While Cabibihan’s work is not singular (similar research initiatives are underway in the U.K., at Yale, and in Luxembourg), there is a need for cultural sensitivity, even when it comes to robotics. “We are all getting similar results” regarding robotics benefits as a therapeutic intervention for ASD, he says. However, “language and different cultures” must be considered. Robots must be accessible to children who do not speak English but speak Arabic, for example.
Then, there’s what he calls the “form factor.” “For some who may not be familiar with the Middle East, they might introduce pigs or dogs — something that has religious or cultural implications for the region,” he says. “That can get you into hot water.” To address this issue, Javed programmed the tooth-brushing robot to perform a traditional Arab dance, clothed in a thob and headgear, while holding a sword. It went over so well that researchers want to use the robot in further imitation exercises.
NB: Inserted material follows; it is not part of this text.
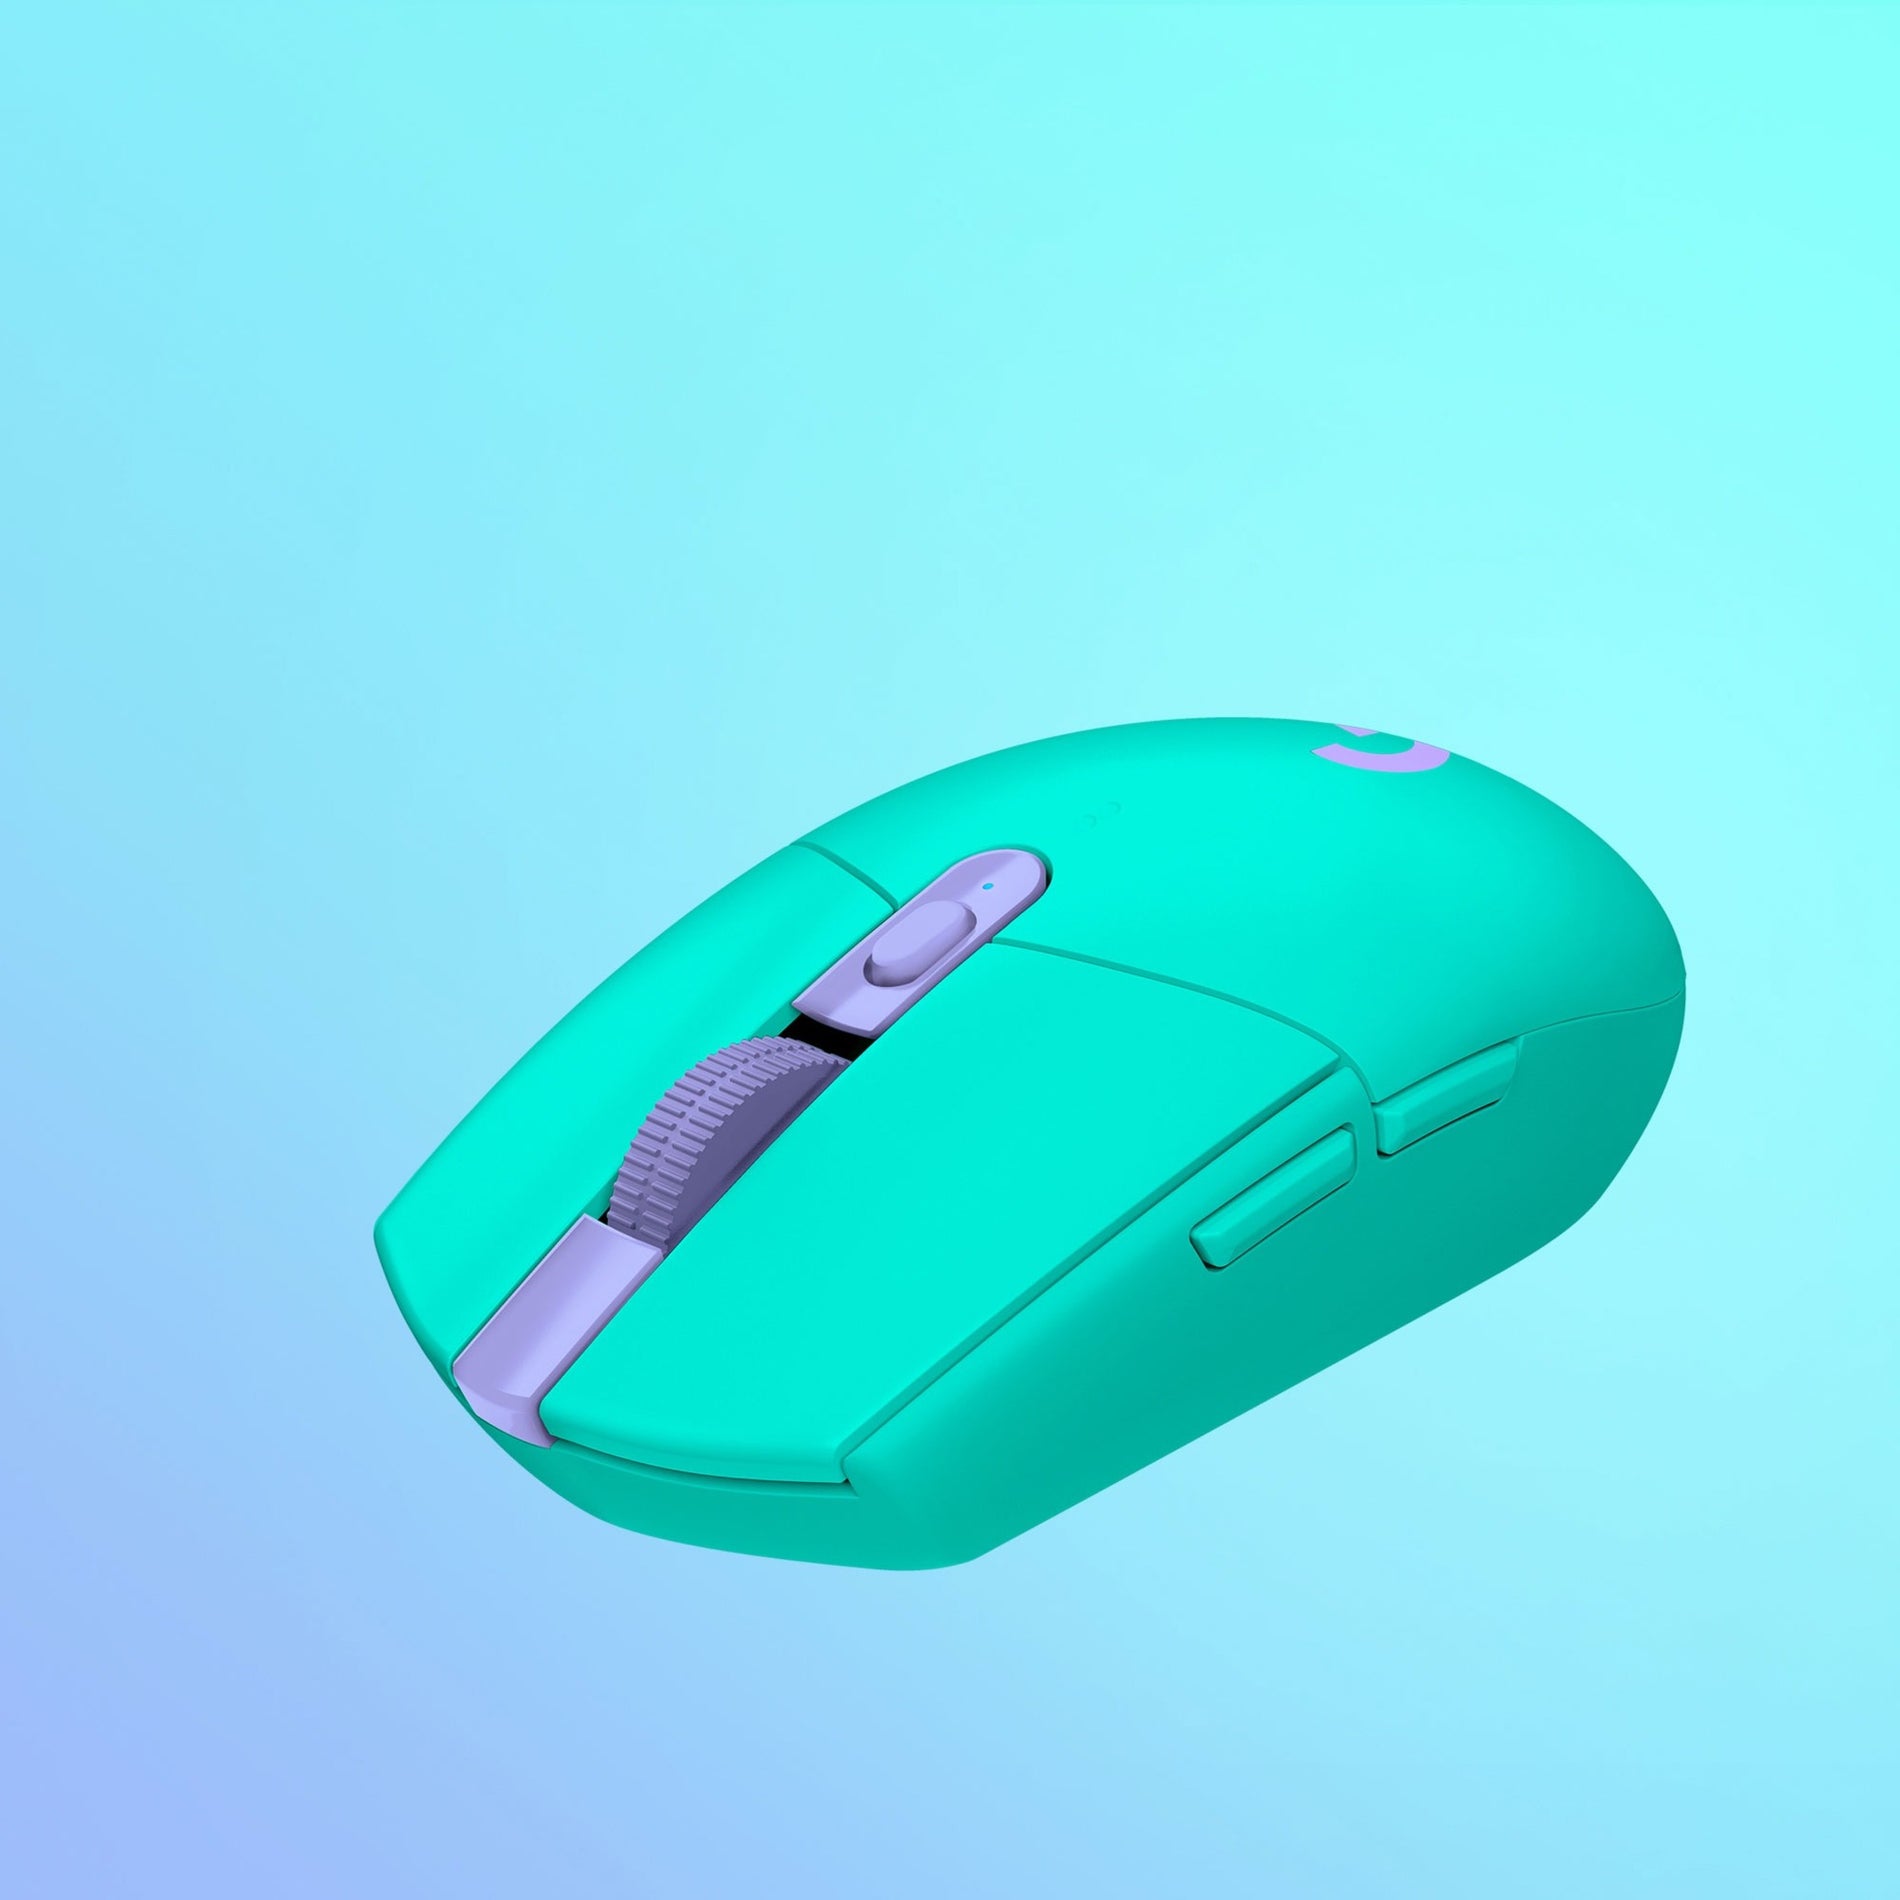 Logitech 910-006376 G305 LIGHTSPEED Wireless Gaming Mouse, 2 Year Warranty, 12000 dpi, 2.4 GHz, 6 Programmable Buttons

Robotics as a meaningful intervention for autism has progressed within the last decade, but is not widely available. With the exception of Keepon, which retails for $100, the cost is exorbitant: The tooth-brushing, sword-dancing humanoid Nao costs $7,990 and furry seal Paro is $6,400. It’s something that Dr. Uvais Qidwai, a colleague of Cabibihan’s at Qatar University specializing in robotic teaching toys, is mindful of. “One of my students once commented on my work, ‘Does this mean that your solutions will be available only for the rich ones?’ and ever since, I have been trying to make robotic solutions that are lower in cost, so parents can afford them.” A bright spot is that since this technology is new, “we can make discoveries every day,” says Cabibihan.
He envisions a future where his assistive technology can help autistic people live independent lives by making everyday tasks more accessible, such as navigating public transportation and withdrawing money from ATMs. “We want children to get integrated into society.” However, the discoveries go both ways: Qidwai and Cabibihan express implicit support for a neurodiversity perspective, wherein autism is considered just one of the many normal ways human brains can be wired. “Having autism is not bad. We can help them introduce their world to others, and at the same time, they give insights as to what’s possible for innovation,” says Cabibihan.
Perhaps the most futuristic element of this research is the hope the researchers feel, and in turn, witness in the therapists, parents, and students. “In one session, there was one child, [whose] teachers were very skeptical that he would cooperate in the activity,” remembered Qidwai. The boy wasn’t listening and was walking around, flapping his hands in a self-stimulating behavior common among people on the spectrum. “As soon as the teacher turned the robot on and it made a yawning sound for waking up, the child’s eyes were glued to it.” The boy played with the robot for half an hour without assistance, hugged it, and greeted it in a “traditional style where two people touch their foreheads together as a sign of love and respect.”
Qidwai was watching with the boy’s teachers over closed circuit in a different room. “When I looked at them, they had tears in their eyes! They said that it usually takes them 20 minutes to get the student to his desk. We decided to leave that robot at the school.” Of his work, Cabibihan mused: “One thing I have observed, learning about robots, is that the more you try to learn about them, the more you learn about humans.”
An earlier version of this story incorrectly stated Hifza Javed’s degree status. At this time, she is pursuing her Ph.D., but has not yet received it.